We can specify multiple normalizers by --notmalizers option when we create a table since this release. If we can also specify them by --normalizer existing option because of compatibility.

We added NormalizerTable for customizing a normalizer in Groonga 11.0.4. We can more flexibly behavior of the normalizer by combining NormalizerTable with existing normalizer.

For example, this feature is useful in the following case.

Search for a telephone number. However, we import data handwritten by OCR. If data is handwritten, OCR may misunderstand a number and string(e.g. 5 and S).

The details are as follows.

   table_create Normalizations TABLE_PAT_KEY ShortText
   column_create Normalizations normalized COLUMN_SCALAR ShortText
   load --table Normalizations
   [
   {"_key": "s", "normalized": "5"}
   ]


   table_create Tels TABLE_NO_KEY
   column_create Tels tel COLUMN_SCALAR ShortText

   table_create TelsIndex TABLE_PAT_KEY ShortText \
     --normalizers 'NormalizerNFKC130("unify_hyphen_and_prolonged_sound_mark", true), \
                    NormalizerTable("column", "Normalizations.normalized")' \
     --default_tokenizer 'TokenNgram("loose_symbol", true, "loose_blank", true)'
   column_create TelsIndex tel_index COLUMN_INDEX|WITH_SECTION Tels tel

   load --table Tels
   [
   {"tel": "03-4S-1234"}
   {"tel": "03-45-9876"}
   ]

   select --table Tels \
     --filter 'tel @ "03-45-1234"'
   [
     [
       0,
       1625227424.560146,
       0.0001730918884277344
     ],
     [
       [
         [
           1
         ],
         [
           [
             "_id",
             "UInt32"
           ],
           [
             "tel",
             "ShortText"
           ]
         ],
         [
           1,
           "03-4S-1234"
         ]
       ]
     ]
   ]

Existing normalizers can't meet in such case, but we can meet it by combining NormalizerTable with existing normalizer since this release.
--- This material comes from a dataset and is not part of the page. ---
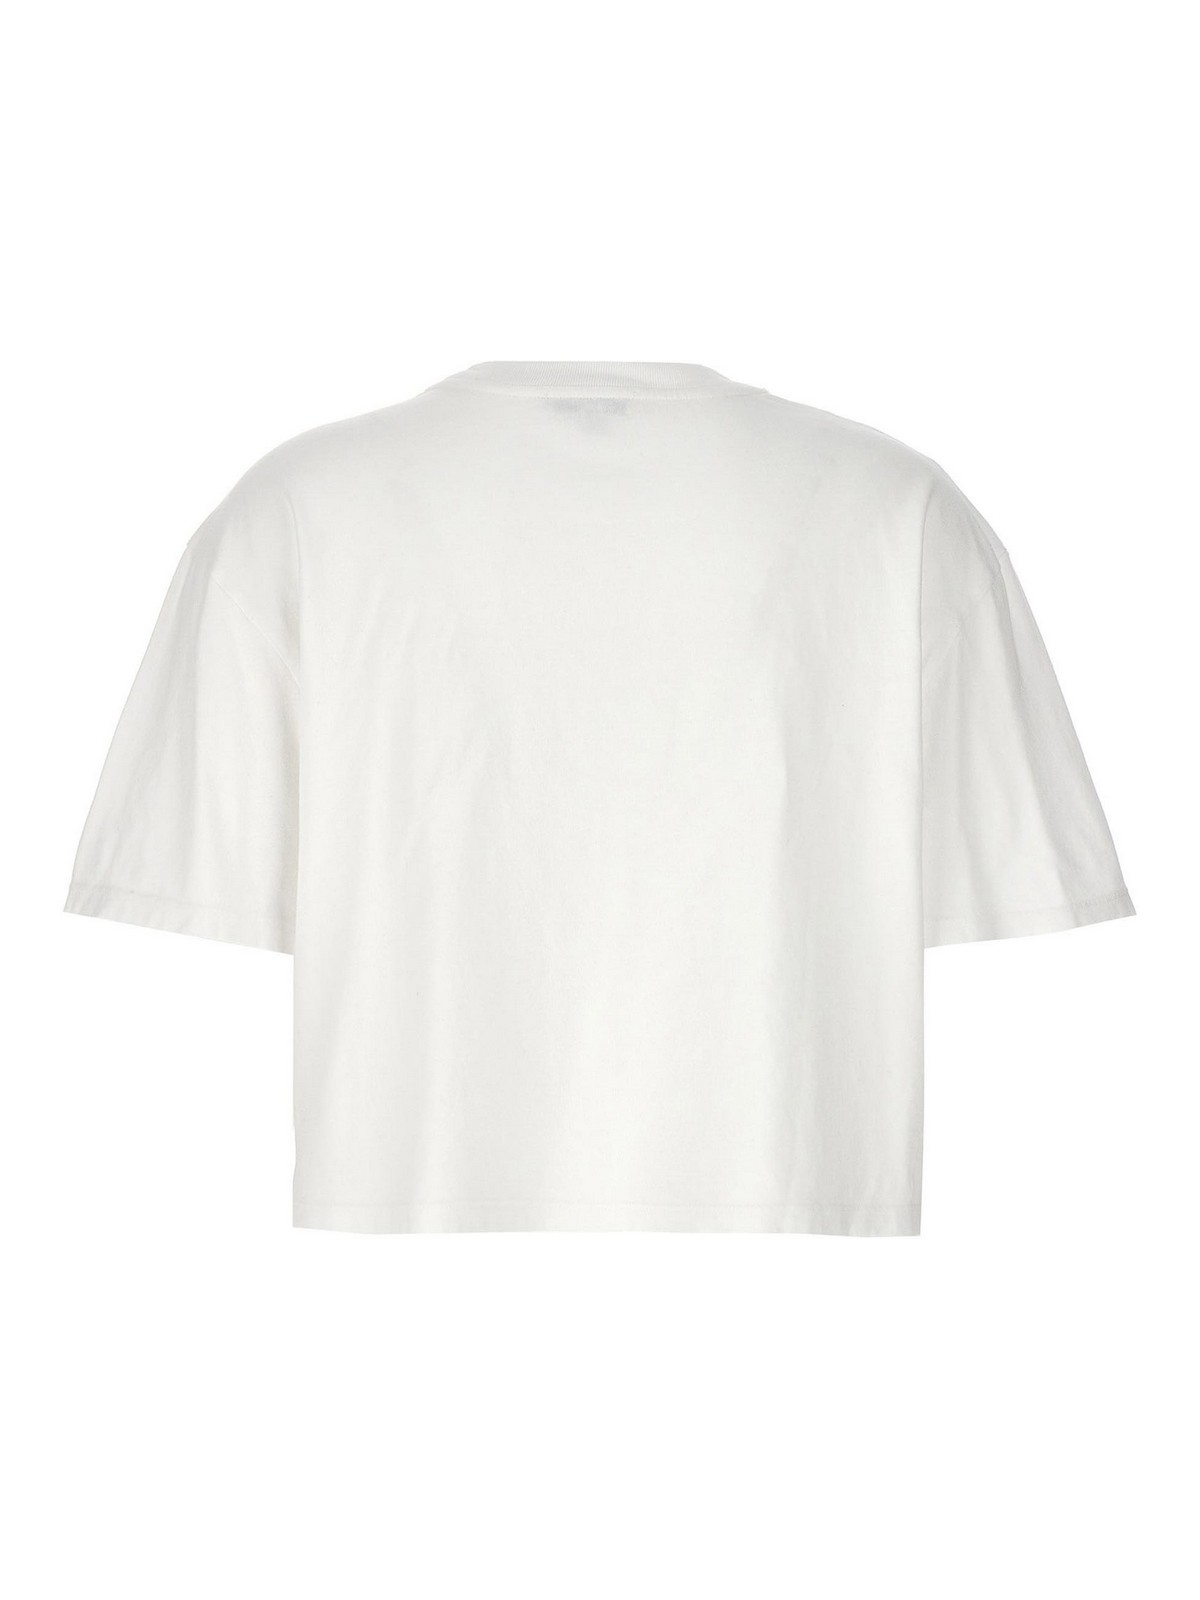 Shop Agolde Camiseta - Anya In White
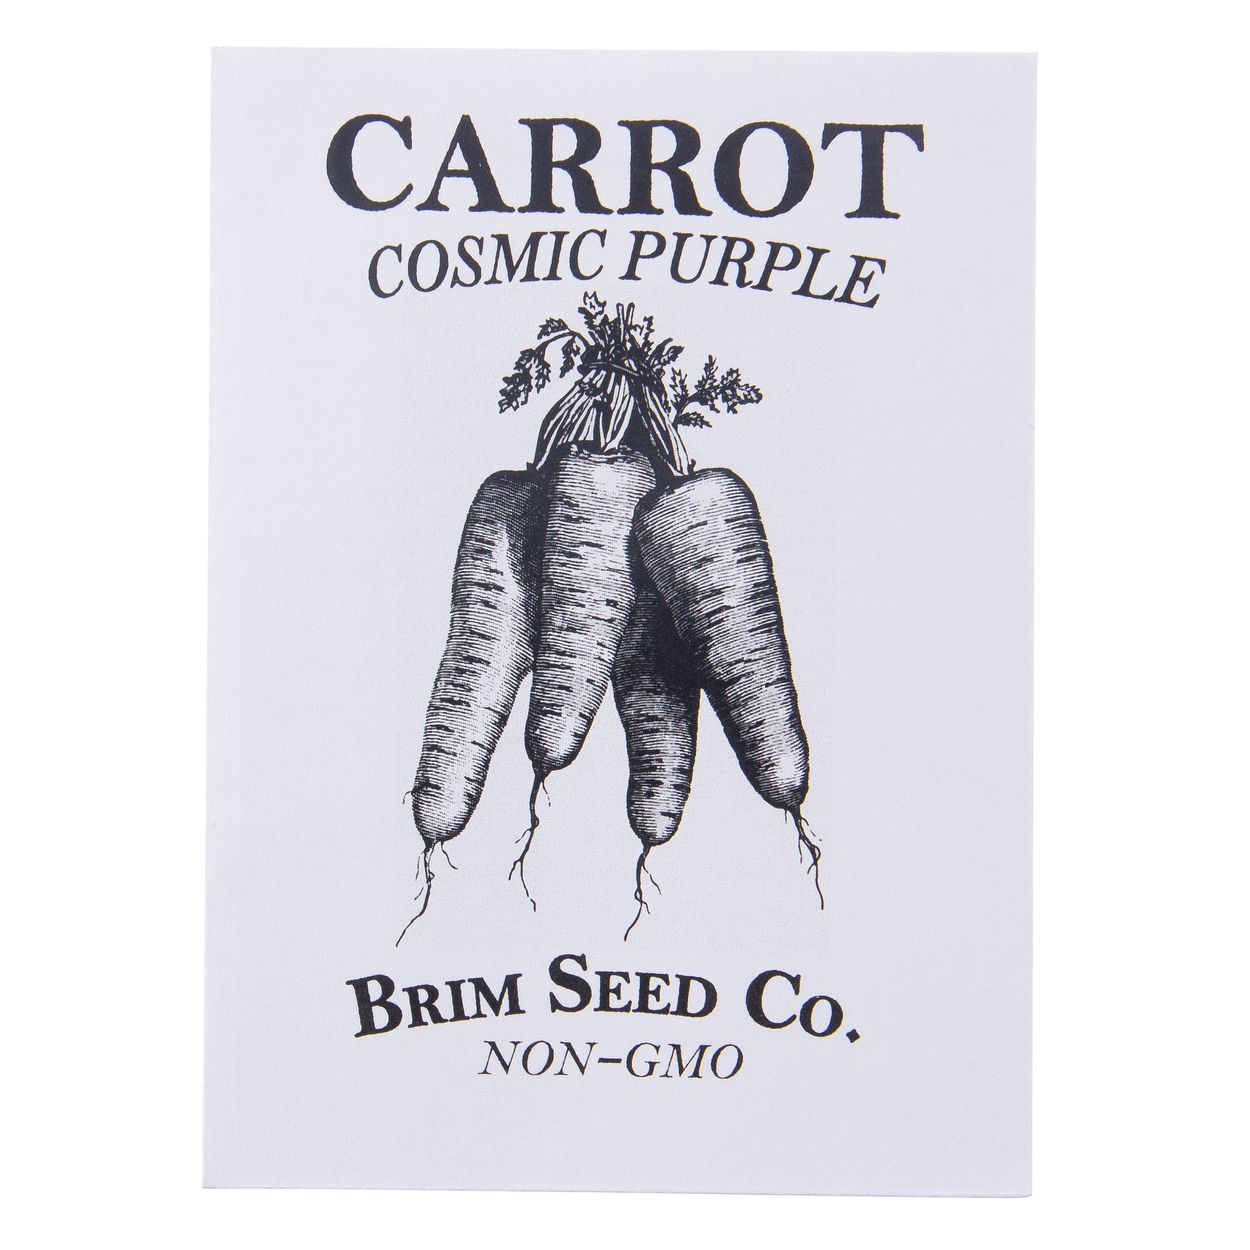 Brim Seed Co. - Cosmic Purple Carrot Seed

query_parallel_or, query Added support for customizing thresholds for sequential search.

We can customize thresholds in each queries whether to use sequential search by the following options.

{"max_n_enough_filtered_records": xx}

max_n_enough_filtered_records specify the number of records. query or query_parallel_or use sequential search when they seems to narrow down until under this number.
{"enough_filtered_ratio": x.x}

enough_filtered_ratio specify percentage of total. query or query_parallel_or use sequential search when they seems to narrow down until under this percentage. For example, if we specify {"enough_filtered_ratio": 0.5}, query or query_parallel_or use sequential search when they seems to narrow down until half of the whole.

The details are as follows.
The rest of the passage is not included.